New Study Shows Most Low-Wage Workers Are Women

"The gender segregation of the workforce ... has meant, in general, that women are concentrated in jobs that pay lower wages.”

By Eric Shorey

Low-wage workers have been striving for better treatment and better pay under Barack Obama's administration, but it's looking like a lot of their efforts will be trounced by Donald Trump. With all the disussions about people working at minimum wage (or below!) it's worth wondering: who are these workers anyway? Turns out, most of them are women.

A new study by Oxfam and the Institute for Women’s Policy Research essentially concluded that women make up most of the workforce who are paid the least.
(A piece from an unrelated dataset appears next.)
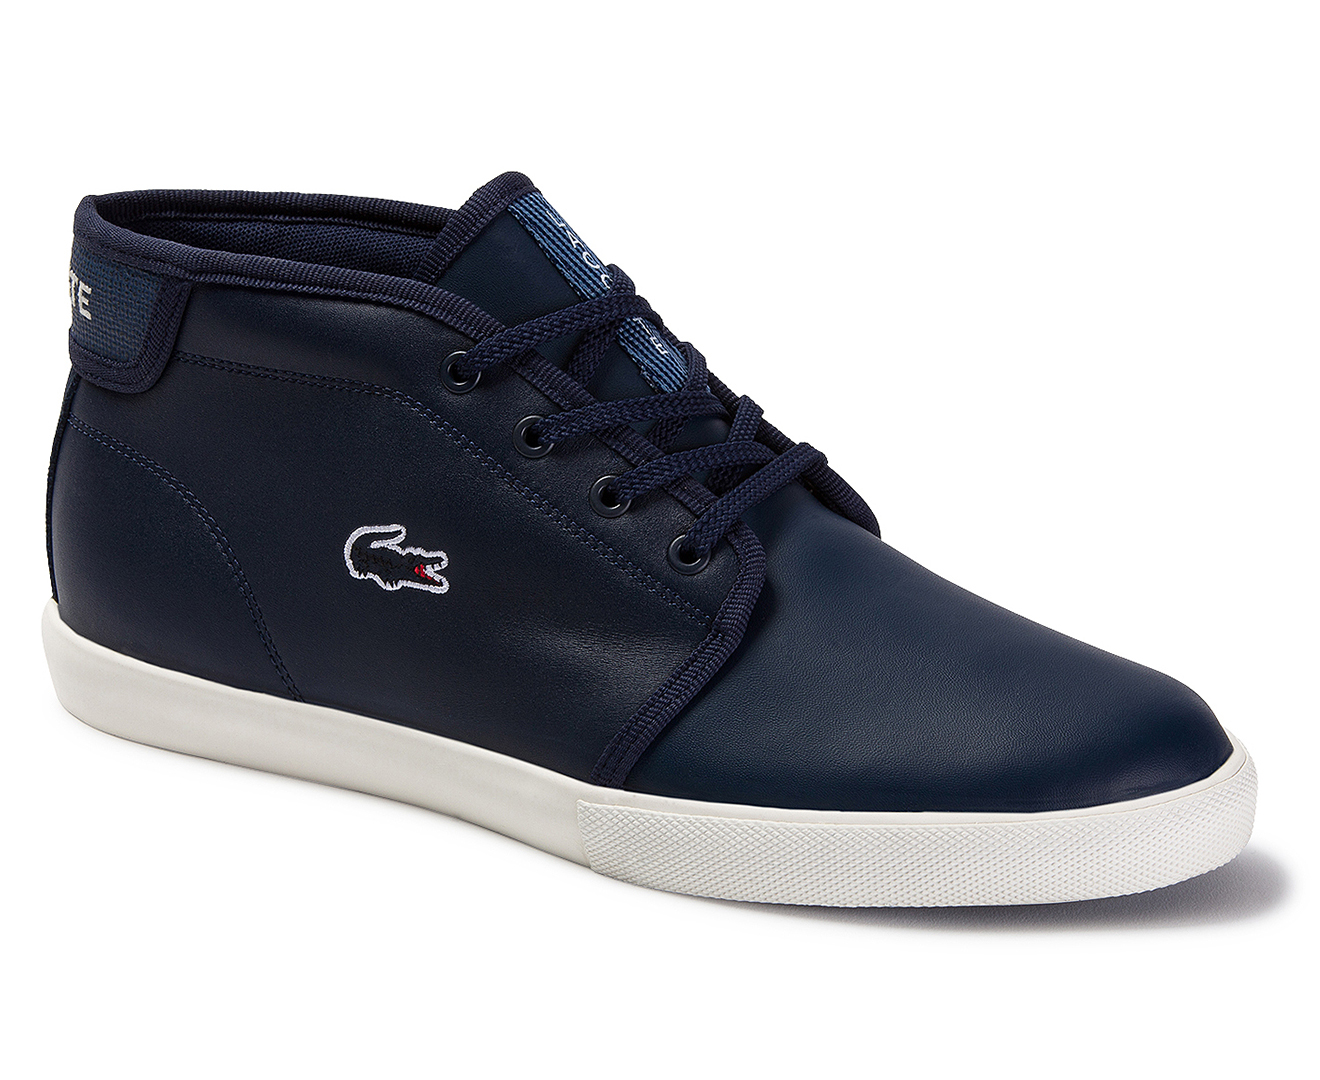 Lacoste Men's Ampthill 120 2 Sneakers - Navy/Off White | Catch.co.nz

Unsurprisingly, women of color and foreign women are disproportionately represented in this group. The study also predicts this pattern will continue — and probably worsen — in the near future.
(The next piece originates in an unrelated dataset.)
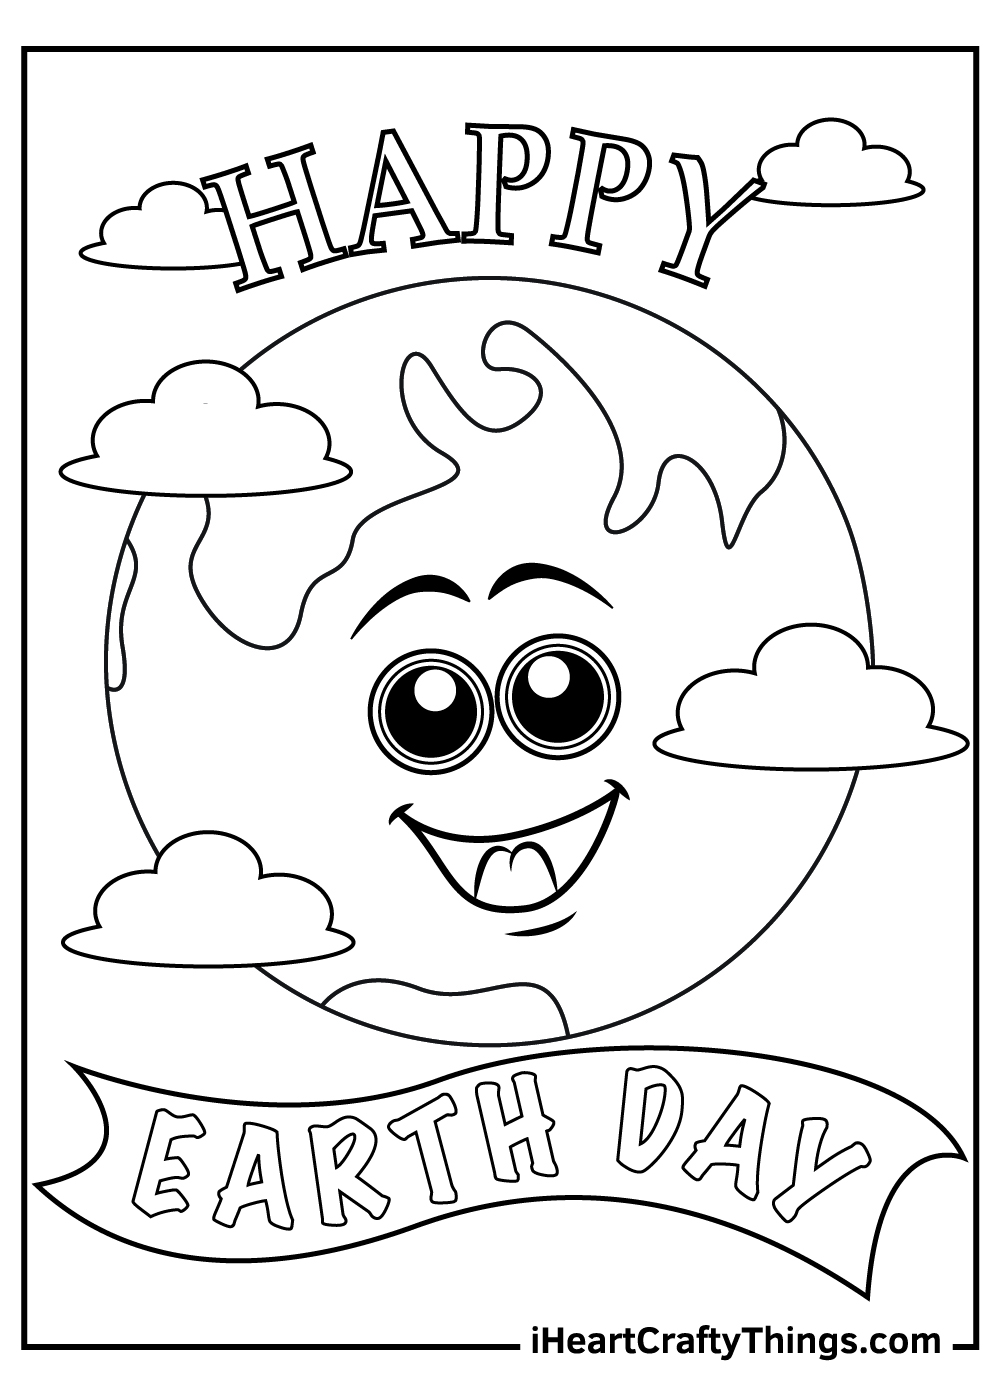 Earth day coloring pages free printables

“Millions of people in the US work in jobs that offer few rewards and demand a great deal. These jobs pay low wages, provide scant benefits, impose irregular hours, and take a toll on physical and emotional health,” reads the report. “Most of these workers are women. The gender segregation of the workforce (in the US and globally) has meant, in general, that women are concentrated in jobs that pay lower wages.”

The study considers those who work for less than $15 an hour to be "low wage." 43 percent of the women in these jobs are below the poverty line.

The scariest part of the study is that predictions about the future of these low wage workers are looking rather grim. The researchers reccommend a raise in minimum wage, which is currently stuck at $7.25 per hour, as a reasonable measure to help fix to the situation. Donald Trump has made numerous completely contradictory statements about this, but many Republicans in power are firmly agaisnt the idea

Similarly dark: the study proclaims that “low-wage women’s jobs will increase at one and a half times the rate of all other jobs” over the next decade and “even more women will be faced with the need to take jobs that undervalue their education and skills, undercompensate their contributions, and exact heavy physical and emotional costs.”

So much for those who say the gender pay gap isn't real.